In un’operazione fuori New York, un informatore dell’FBI ha preso di mira James Cromitie, un dipendente del Wal-Mart con una storia di tentativi di suicidio e di voci nella testa, secondo quanto riporta il tribunale. Cromitie non aveva collegamenti con gruppi di terrorismo internazionale o accesso a nessun tipo di arma. Accettò di unirsi a un complotto, inventato dall’informatore, per bombardare alcune sinagoghe, solo dopo che l’informatore dell’FBI gli offrì 250.000 dollari in ricompensa. Rispondendo alle critiche che suggeriscono le operazioni sotto-copertura non catturano individui effettivamente pericolosi, Peter Ahearn ha dichiarato: “E se in una brutta giornata questi decidono ‘Sì, ne ho avuto abbastanza e sono arrivato davvero al punto di mettere in atto qualcosa’? A quel punto hai informazioni in arrivo. L’FBI dovrebbe ignorare tutto questo? Voglio dire, dovrebbero? No”. 

Gli informatori sono abituati a lavorare in operazioni di contro-terrorismo in incognito basate prevalentemente sulla capacità di un agente di costruire un rapporto intimo con il proprio obiettivo. In alcuni casi, l’FBI usa come informatori uomini d’affari che abbiano avuto esperienza nell’esecuzione di atti di frode. Ognuno dei tre informatori descritti in questo articolo ha condotto differenti operazioni sotto-copertura, con vari gradi di successo. Uno di questi è il caso del Liberty City 7 e si riferisce a un gruppo di uomini di Miami, guidato dall’ex predicatore di strada di Chicago, Narseal Batiste. In tale giro, l’FBI decise di infiltrare un informatore professionista, uno abituato a chiudere operazioni difficili, Elie Assaad. 

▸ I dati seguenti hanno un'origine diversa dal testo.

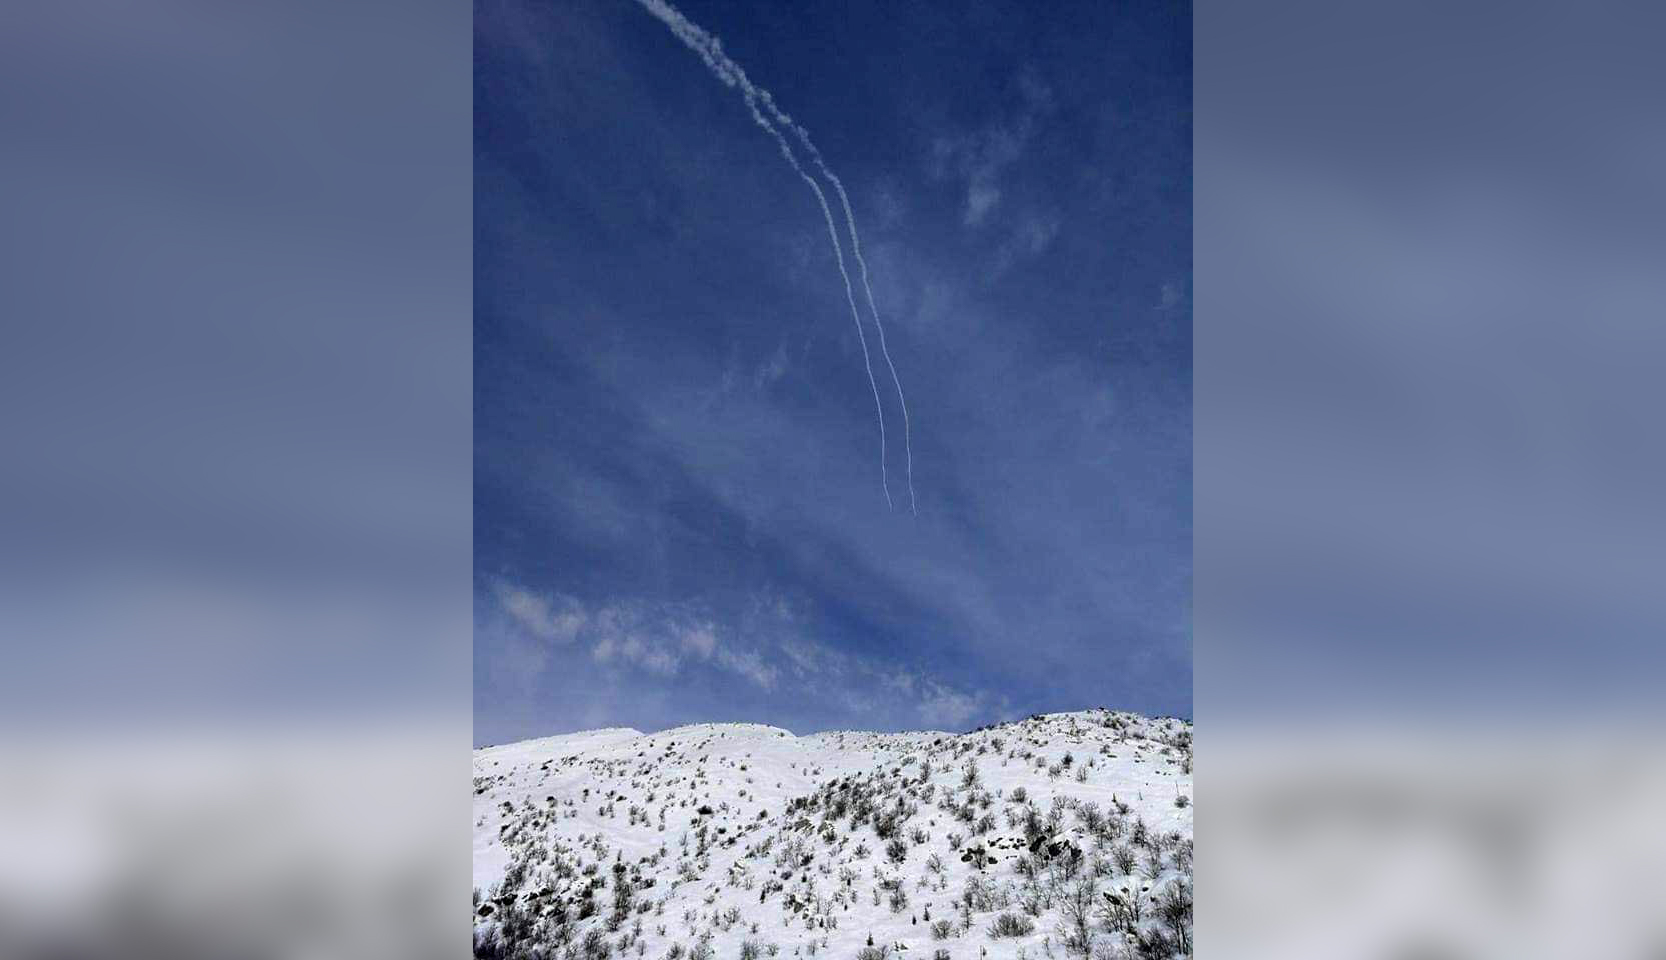 يديعوت و معاريف: الصاروخ السوري الذي اطلق نحو الجولان بعيد المدى وأثار ذعرا وليس صاروخا عادياً!!

Per incastrare il gruppo e ottenere gli arresti, Assaad si presentò come membro di al-Qaeda. Ordinò al gruppo di scattare fotografie di sorveglianza dell’ufficio dell’FBI a North Miami Beach e fornì loro un grande magazzino come quartier generale. La prova principale del caso contro queste persone era un video in cui Assaad convinse Batiste e gli altri a giurare fedeltà ad Al-Qaeda. In cambio, aveva promesso al gruppo 50.000 dollari. Rothschild Augustine, membro di Liberty City 7, è stato condannato a sette anni di carcere per cospirazione e per aver fornito sostegno materiale e risorse ad Al-Qaeda. In un’intervista esclusiva con Al Jazeera, Augustine ha riferito che il gruppo non aveva mai pianificato di commettere attacchi terroristici. “Non c’erano bombe, non c’erano armi, non c’erano mappe e  piani”, ha dichiarato. “Erano solo un mucchio di sciocchezze. Volevamo solo ottenere denaro da questo tizio, perché non credevamo che fosse un terrorista”. ha dichiarato. Rory McMahon, un investigatore per la difesa, ha dichiarato ad Al Jazeera che il caso Liberty City 7 ha incoraggiato l’FBI a continuare la sua campagna di operazioni di contro-terrorismo sotto copertura. “Il caso Liberty City 7 è stato il primo storico caso a suscitare molta attenzione a livello nazionale”, ha affermato. “L’FBI è stato in grado di avere successo in modo tale da incoraggiarli a fabbricare casi e poi annunciare al mondo: ti abbiamo appena salvato da questo gruppo”. 

I risultati, quindi, oltre che inefficienti, appaiono paradossali. A Orange County, in California, Craig Monteilh, il Bodybuilder, appare come un agente fin troppo zelante. Si rivolge costantemente ai membri della comunità musulmana californiana e parla fino allo sfinimento dei conflitti in Medio Oriente. L’approccio eccessivo di Monteilh fece saltare l’operazione segreta dell’FBI. Hussam Ayloush, del Consiglio delle Relazioni Islamico-Americane, ricevette numerose lamentele su Monteilh, definito come un uomo che faceva domande incessanti sulla violenza e sul jihad. “Potrei solo immaginare cosa ci sia nella mente di un informatore che abbiamo mandato a incastrare dei musulmani ed è invece stato denunciato da questi stessi musulmani che sospettavamo”.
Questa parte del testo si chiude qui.